Pertis produces a rich, velvety sound and devotes considerable attention to the sensitive voicing of chords. In the slow movement of the "Pathetique," for instance, Beethoven's noble lyricism was held aloft by carefully calibrated, nuanced textures in the accompaniment, to beautiful effect. For all his emphasis on tone production, Pertis seemed little concerned with articulation strategies -- the varied attack and release of individual notes.
The three Chopin dances, including the famous C-sharp Minor and "Minute" waltzes of Op. 64, were rhythmically destabilized by a curiously eccentric rubato. And the richly imaginative, fleeting impressions and character sketches that constitute Schumann's "Carnaval" threatened to jump the tracks due to unbridled accelerations and quixotic halts. Indeed, some of the more technically challenging movements, such as "Reconnaissance" and "Paganini," were little more than blurs of notes swamped with pedal.

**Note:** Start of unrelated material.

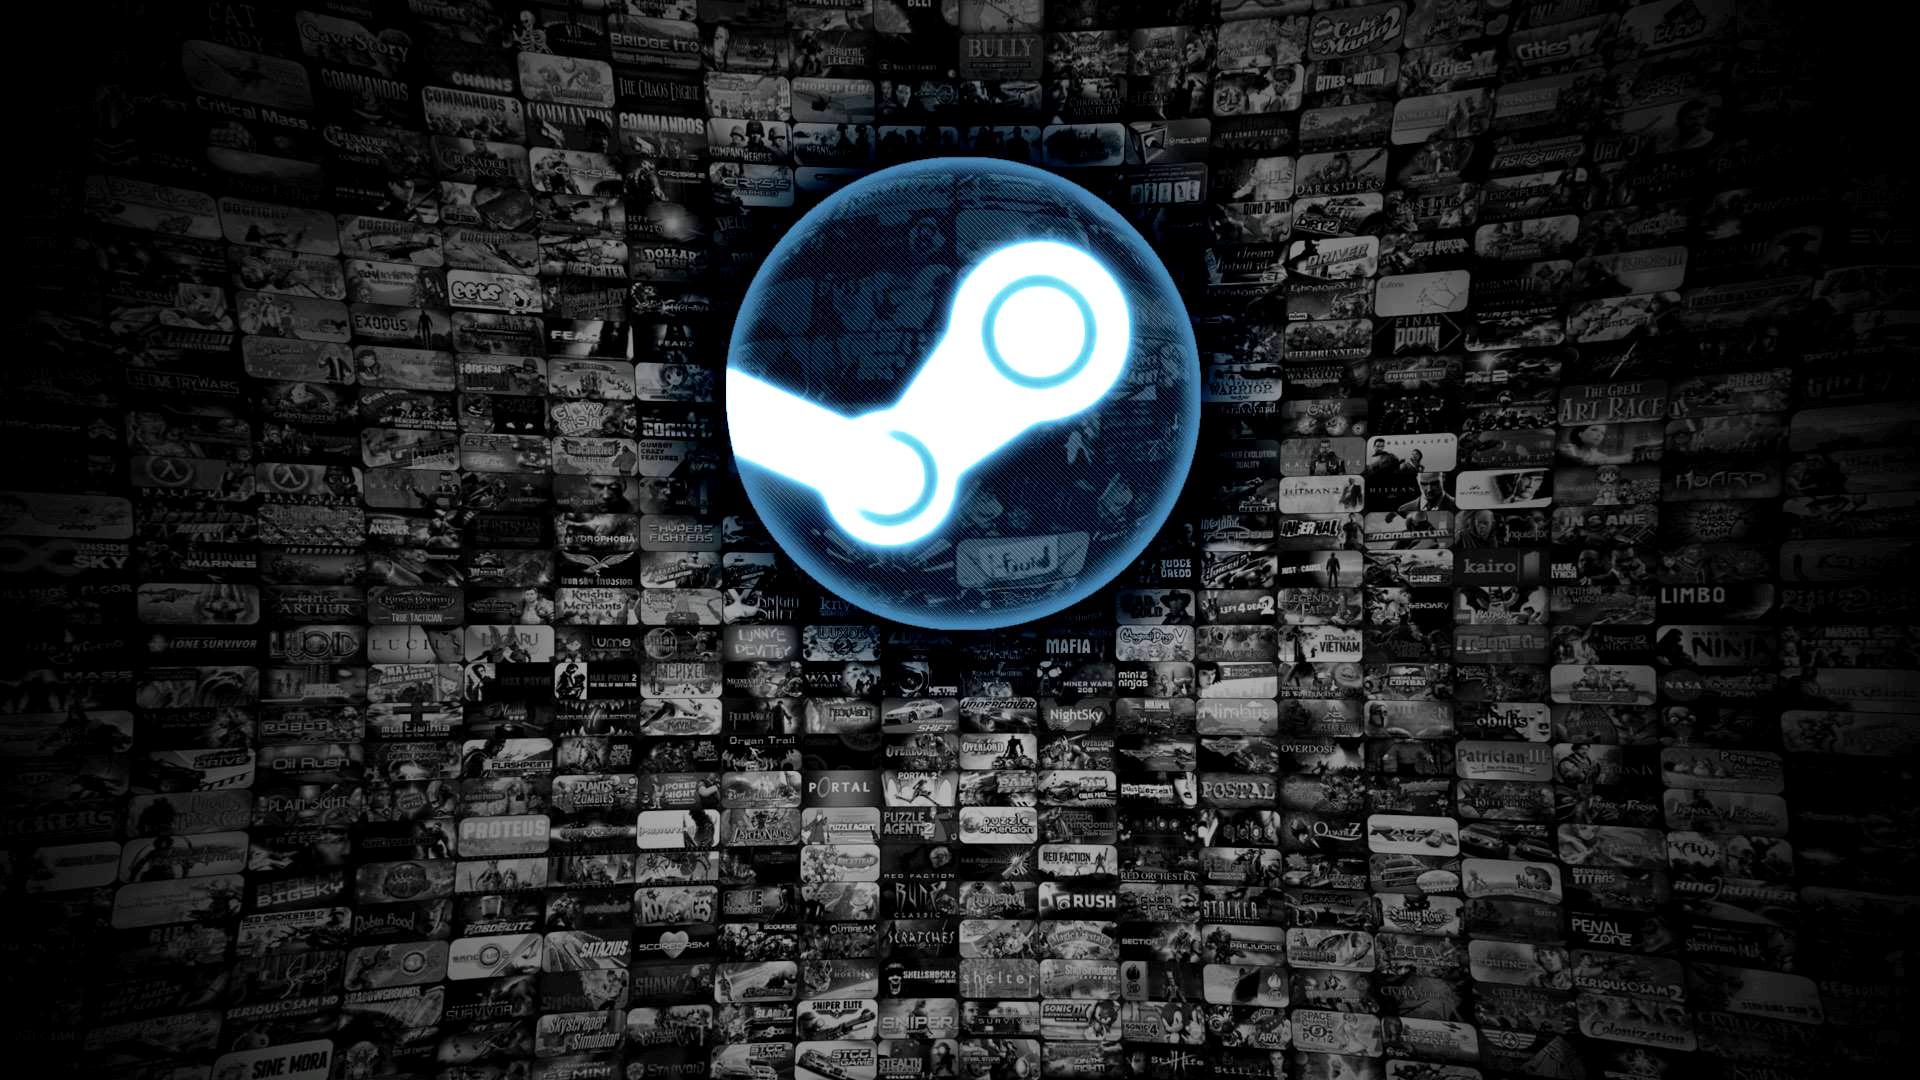 It Happened To Me: My Steam Account Got Hacked

One hopes that, as he relaxes into a schedule of regular performances, Pertis will free himself of the mannerisms displayed in this recital to cultivate a more centered and direct interpretive approach.
-- Patrick Rucker
Smithsonian Chamber Orchestra
Kenneth Slowik is a gift to music. An energetic polymath, Slowik pokes and prods each score as scholar, player or -- as at the Renwick Gallery on Sunday evening with the Smithsonian Chamber Orchestra -- conductor. The group reveled in string essays from the 20th century, playing with the intimacy of a chamber ensemble and the full-bodied warmth of an orchestra.
Slowik is a master of transcription, finding novel rearrangements that lay bare the central qualities that make music go. It is typically an act of reduction, paring down a many-instrumented piece to more tailored and revealing proportions. Yet, in Shostakovich's String Quartet No. 8, the process went in reverse, with almost two dozen strings filling the Grand Salon. The musicians turned this gripping piece into a cri de coeur from an artist living under a totalitarian regime. After the sighs from the cellos at the opening bars, Slowik drew out poignant sounds from each section with overlapping themes clashing and then dying. What the enlarged forces missed in detail and dexterity, they made up in richness and sheer volume.
Such luminosity carried into Strauss's elegiac "Metamorphosen," which came off as an act of musical escape. Otherworldly melodies grew in shape and texture into pools of sound, dark and deep. Bartok's Divertimento received a reading of contrasting exuberance and pluck with zesty folk themes and lilting rhythms.